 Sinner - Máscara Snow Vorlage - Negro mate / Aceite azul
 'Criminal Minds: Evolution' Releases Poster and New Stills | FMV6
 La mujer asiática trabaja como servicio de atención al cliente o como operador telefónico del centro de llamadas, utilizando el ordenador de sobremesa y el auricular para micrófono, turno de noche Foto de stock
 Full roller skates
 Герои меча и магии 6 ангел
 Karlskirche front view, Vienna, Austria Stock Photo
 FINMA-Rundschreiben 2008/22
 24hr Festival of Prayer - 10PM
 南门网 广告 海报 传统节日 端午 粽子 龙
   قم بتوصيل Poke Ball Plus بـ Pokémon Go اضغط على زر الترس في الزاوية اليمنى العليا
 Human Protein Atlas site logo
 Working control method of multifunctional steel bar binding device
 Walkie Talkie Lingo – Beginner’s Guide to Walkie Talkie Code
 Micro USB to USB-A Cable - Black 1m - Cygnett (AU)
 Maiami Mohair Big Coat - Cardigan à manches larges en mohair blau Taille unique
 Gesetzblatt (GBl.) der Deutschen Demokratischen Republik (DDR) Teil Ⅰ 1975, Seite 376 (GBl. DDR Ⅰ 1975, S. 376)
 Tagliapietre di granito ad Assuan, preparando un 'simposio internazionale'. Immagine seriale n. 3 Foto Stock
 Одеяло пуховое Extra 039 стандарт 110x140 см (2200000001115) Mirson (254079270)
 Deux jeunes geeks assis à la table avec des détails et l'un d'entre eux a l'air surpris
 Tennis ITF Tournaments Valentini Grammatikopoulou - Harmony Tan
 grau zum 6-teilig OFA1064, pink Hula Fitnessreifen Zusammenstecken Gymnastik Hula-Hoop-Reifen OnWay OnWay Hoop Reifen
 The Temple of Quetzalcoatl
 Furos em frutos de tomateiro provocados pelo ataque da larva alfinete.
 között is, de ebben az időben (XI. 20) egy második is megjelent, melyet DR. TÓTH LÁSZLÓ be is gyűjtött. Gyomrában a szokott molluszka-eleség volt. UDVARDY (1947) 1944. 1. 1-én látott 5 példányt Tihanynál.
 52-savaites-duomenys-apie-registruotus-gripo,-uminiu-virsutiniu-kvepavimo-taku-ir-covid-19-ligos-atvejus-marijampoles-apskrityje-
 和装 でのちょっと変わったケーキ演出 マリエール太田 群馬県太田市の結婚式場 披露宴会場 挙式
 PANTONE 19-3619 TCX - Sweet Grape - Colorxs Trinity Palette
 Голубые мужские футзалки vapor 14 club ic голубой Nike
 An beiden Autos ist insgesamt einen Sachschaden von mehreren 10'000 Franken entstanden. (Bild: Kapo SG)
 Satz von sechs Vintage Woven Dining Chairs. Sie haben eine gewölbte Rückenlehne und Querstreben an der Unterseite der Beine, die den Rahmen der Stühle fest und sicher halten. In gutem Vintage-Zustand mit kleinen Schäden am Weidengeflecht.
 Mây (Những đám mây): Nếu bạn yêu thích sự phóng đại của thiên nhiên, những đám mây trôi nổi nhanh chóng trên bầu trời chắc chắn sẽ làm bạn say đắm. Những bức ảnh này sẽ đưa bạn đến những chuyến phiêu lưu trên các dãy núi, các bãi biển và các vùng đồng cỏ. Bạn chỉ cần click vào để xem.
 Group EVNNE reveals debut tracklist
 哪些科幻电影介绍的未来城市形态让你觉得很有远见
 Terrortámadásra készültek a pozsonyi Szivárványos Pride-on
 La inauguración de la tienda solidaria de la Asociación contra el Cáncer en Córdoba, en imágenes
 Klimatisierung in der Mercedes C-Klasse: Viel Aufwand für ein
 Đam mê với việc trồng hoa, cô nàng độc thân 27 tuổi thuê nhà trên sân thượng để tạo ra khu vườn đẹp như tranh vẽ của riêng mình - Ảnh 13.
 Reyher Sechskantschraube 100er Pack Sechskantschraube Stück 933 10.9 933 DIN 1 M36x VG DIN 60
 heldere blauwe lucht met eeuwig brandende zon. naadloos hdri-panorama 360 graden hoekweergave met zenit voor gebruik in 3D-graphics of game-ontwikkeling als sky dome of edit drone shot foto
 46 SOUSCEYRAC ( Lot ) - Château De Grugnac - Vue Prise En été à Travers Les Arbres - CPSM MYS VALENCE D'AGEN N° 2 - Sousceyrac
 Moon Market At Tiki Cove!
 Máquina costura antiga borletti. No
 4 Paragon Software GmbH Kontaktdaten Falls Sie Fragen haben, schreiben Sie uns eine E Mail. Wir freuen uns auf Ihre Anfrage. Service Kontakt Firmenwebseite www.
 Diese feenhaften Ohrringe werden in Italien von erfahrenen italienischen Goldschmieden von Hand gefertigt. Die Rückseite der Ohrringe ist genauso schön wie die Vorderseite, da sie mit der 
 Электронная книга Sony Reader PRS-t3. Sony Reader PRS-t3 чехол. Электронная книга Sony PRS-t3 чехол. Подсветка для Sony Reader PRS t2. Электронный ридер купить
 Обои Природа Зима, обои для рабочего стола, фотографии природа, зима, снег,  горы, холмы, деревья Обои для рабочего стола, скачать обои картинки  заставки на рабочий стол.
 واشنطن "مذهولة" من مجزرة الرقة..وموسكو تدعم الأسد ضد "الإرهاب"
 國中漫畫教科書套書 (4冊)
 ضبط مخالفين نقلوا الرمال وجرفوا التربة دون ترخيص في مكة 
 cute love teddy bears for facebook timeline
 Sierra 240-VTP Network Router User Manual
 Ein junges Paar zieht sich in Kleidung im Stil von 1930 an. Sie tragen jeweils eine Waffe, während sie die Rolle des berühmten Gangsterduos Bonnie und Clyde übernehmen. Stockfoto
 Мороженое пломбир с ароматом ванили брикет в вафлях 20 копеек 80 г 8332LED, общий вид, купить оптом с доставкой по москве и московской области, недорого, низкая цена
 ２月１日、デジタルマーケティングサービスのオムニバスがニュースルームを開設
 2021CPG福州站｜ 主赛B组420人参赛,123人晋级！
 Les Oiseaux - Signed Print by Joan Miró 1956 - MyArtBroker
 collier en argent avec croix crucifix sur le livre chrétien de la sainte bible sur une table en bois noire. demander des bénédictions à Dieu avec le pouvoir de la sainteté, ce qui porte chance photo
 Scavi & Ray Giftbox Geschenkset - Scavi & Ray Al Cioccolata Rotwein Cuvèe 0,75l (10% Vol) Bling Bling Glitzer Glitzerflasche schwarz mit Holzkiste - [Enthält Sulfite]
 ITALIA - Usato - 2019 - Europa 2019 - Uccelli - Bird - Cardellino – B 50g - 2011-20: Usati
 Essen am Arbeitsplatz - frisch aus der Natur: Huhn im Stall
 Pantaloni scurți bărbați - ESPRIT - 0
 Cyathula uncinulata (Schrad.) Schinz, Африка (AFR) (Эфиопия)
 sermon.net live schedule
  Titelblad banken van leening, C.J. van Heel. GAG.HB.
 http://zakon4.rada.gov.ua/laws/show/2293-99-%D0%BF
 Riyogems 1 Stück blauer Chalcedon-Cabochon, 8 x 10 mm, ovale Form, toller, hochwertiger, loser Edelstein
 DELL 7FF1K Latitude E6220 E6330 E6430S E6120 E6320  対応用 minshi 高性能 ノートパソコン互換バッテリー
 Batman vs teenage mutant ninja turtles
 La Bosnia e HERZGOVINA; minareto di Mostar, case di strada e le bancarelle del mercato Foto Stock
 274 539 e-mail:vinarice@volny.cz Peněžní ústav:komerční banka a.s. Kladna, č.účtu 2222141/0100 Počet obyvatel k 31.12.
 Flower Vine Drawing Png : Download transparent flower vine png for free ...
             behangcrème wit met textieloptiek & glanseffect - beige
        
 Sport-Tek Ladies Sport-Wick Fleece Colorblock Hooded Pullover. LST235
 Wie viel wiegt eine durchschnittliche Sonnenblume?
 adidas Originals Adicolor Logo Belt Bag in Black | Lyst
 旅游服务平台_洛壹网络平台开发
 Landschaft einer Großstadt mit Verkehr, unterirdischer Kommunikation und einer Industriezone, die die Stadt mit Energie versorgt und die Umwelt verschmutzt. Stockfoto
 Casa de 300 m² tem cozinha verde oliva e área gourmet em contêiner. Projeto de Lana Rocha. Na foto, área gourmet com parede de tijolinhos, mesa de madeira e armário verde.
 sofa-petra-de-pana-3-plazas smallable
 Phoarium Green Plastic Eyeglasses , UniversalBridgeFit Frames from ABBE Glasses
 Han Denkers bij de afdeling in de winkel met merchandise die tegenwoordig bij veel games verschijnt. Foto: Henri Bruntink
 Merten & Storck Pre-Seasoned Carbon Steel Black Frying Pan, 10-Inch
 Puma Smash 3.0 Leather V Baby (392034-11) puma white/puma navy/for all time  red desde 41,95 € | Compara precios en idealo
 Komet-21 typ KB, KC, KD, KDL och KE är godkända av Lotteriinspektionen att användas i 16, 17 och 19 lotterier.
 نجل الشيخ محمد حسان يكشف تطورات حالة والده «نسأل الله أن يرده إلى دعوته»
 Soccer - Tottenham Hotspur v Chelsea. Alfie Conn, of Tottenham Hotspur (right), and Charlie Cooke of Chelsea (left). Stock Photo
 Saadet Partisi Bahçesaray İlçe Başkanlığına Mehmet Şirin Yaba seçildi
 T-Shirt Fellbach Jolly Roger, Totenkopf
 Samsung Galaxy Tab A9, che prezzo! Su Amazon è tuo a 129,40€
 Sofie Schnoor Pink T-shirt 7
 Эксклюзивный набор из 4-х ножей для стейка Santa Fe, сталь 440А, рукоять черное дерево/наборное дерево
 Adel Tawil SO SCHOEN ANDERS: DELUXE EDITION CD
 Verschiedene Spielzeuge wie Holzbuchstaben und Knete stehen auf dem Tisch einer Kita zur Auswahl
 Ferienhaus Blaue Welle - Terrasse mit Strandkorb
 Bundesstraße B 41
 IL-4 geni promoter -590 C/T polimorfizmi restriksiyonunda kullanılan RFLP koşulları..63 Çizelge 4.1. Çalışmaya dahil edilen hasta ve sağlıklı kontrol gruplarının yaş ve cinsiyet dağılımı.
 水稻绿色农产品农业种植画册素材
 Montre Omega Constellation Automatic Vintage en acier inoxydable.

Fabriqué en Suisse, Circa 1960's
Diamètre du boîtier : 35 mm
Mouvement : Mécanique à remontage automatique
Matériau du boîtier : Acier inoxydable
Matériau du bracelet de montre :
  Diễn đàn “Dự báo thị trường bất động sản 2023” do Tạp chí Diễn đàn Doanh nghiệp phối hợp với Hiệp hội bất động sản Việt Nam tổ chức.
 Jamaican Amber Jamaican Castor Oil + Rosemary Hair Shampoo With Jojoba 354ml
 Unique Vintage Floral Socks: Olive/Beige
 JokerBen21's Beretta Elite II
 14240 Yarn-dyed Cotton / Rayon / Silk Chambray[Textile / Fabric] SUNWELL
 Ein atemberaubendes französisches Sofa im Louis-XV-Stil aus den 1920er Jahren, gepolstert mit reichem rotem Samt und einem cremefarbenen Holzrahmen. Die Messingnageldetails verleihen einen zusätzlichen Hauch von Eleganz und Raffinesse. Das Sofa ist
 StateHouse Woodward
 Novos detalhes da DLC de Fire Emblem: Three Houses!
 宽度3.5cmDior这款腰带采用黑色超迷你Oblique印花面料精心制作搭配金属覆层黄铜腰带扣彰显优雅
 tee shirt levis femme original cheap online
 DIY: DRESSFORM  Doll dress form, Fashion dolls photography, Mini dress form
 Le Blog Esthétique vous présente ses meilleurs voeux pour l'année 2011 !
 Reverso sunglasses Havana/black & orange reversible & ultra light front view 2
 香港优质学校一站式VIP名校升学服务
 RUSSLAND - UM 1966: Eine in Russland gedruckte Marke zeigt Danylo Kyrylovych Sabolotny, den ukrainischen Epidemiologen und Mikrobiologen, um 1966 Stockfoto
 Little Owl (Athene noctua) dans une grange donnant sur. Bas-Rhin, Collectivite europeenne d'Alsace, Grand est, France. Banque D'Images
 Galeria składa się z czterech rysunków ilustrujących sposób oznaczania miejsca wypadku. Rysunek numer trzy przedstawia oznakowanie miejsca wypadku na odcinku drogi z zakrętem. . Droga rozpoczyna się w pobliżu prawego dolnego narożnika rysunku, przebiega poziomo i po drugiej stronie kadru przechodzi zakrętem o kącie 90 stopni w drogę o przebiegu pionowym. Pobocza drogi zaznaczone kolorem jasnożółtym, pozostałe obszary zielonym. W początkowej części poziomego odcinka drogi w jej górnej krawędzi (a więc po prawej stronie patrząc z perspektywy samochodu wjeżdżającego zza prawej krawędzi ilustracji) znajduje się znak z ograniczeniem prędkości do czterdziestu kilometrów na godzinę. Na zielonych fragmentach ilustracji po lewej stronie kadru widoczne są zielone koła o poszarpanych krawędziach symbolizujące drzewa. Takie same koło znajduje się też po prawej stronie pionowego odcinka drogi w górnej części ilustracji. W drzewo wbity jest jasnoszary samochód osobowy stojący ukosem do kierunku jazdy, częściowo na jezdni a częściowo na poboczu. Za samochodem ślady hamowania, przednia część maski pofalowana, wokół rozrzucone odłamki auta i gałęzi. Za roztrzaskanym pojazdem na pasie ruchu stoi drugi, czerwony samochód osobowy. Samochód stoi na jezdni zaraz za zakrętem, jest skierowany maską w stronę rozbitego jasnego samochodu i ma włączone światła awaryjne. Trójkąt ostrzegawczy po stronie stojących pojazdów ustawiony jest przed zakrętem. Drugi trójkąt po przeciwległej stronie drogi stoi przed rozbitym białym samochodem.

========================

◆ Task item ◆
In the data above, copy every line where the string "Vintage" appears.

◆ Your response ◆
 Satz von sechs Vintage Woven Dining Chairs. Sie haben eine gewölbte Rückenlehne und Querstreben an der Unterseite der Beine, die den Rahmen der Stühle fest und sicher halten. In gutem Vintage-Zustand mit kleinen Schäden am Weidengeflecht.
 Montre Omega Constellation Automatic Vintage en acier inoxydable.
 Unique Vintage Floral Socks: Olive/Beige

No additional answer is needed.